◆ **Supplied material**:
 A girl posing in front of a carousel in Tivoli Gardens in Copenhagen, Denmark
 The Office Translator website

...

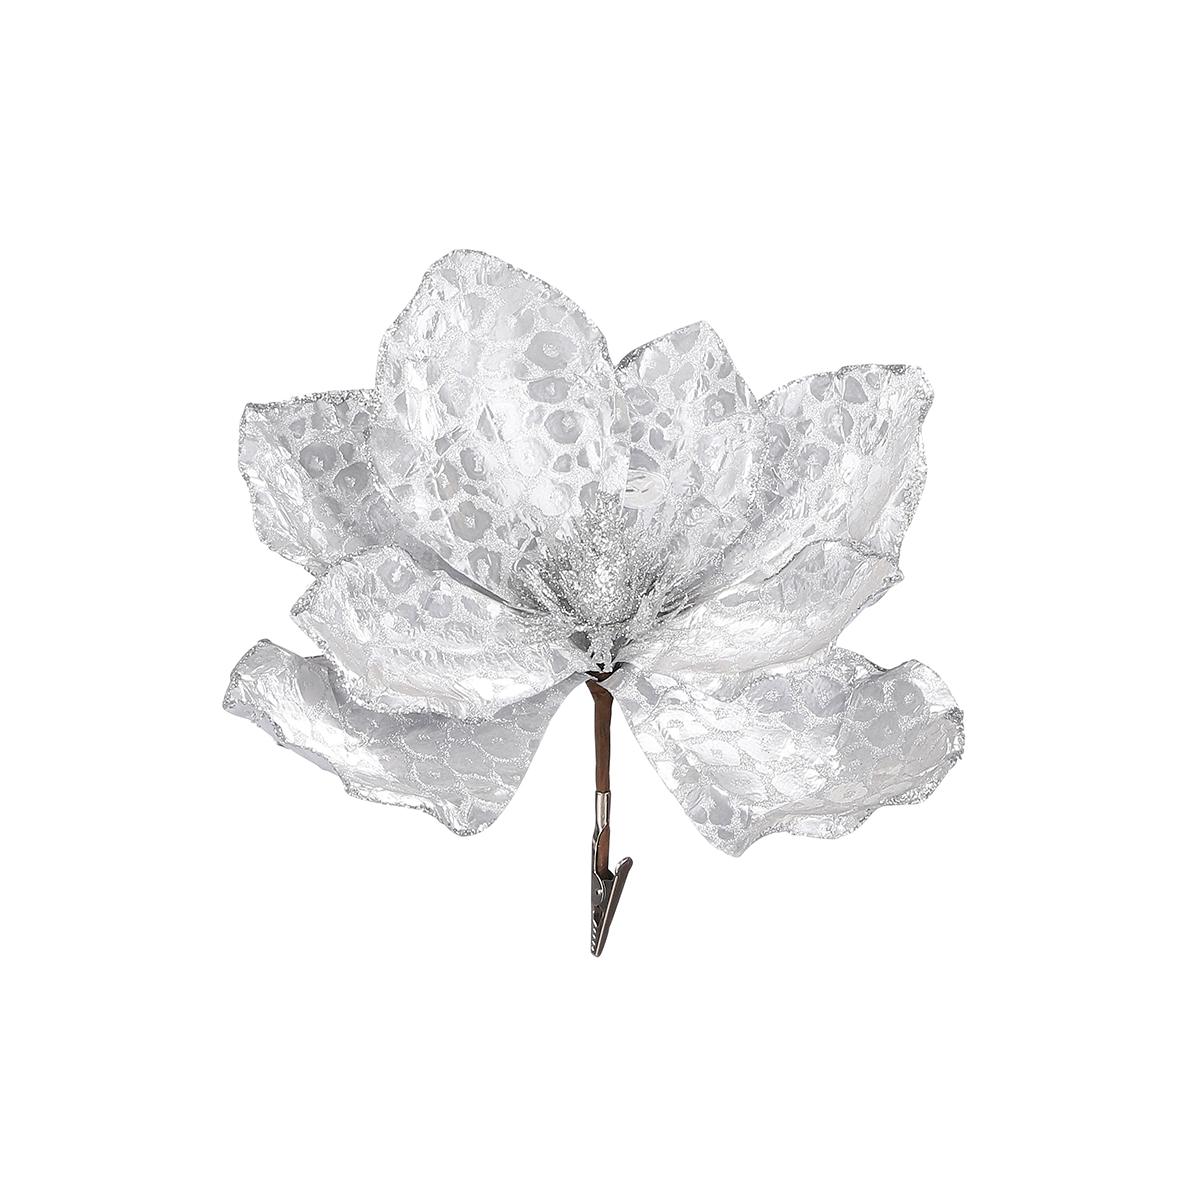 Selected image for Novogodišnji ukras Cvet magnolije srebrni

---

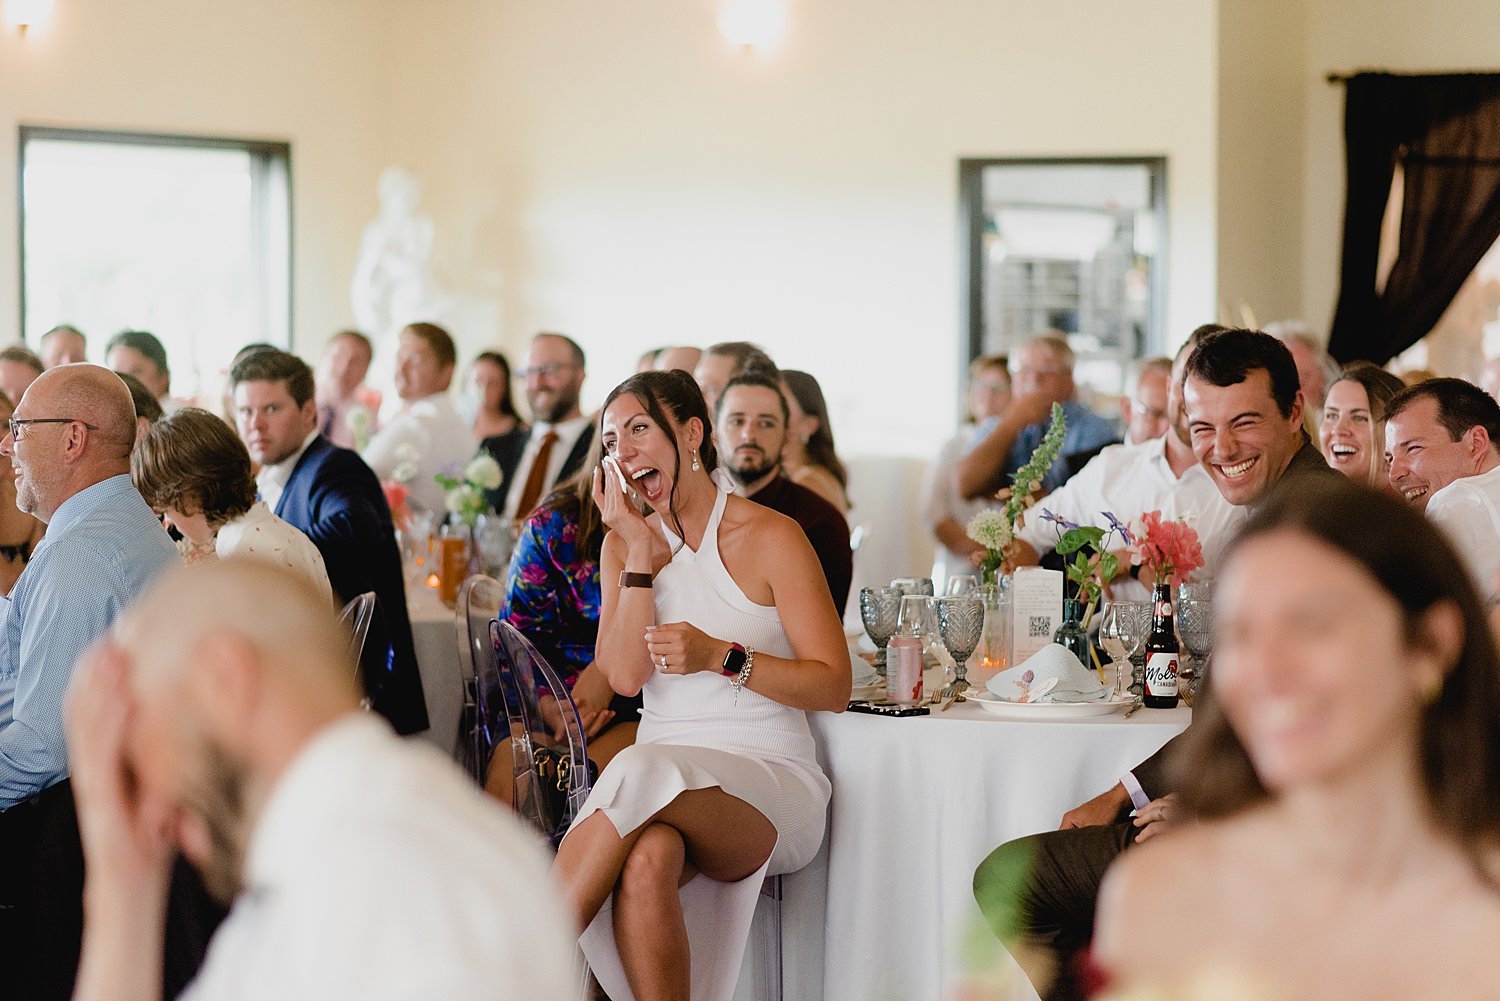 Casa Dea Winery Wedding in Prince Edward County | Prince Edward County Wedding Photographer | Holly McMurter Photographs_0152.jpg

◆ **Work to be completed**: Would you please copy exactly the part of the entries above that begins at the line containing "A girl posing" and ends at the line containing "The Office Translator website", both lines included?

◆ **Result below**:
 A girl posing in front of a carousel in Tivoli Gardens in Copenhagen, Denmark
 The Office Translator website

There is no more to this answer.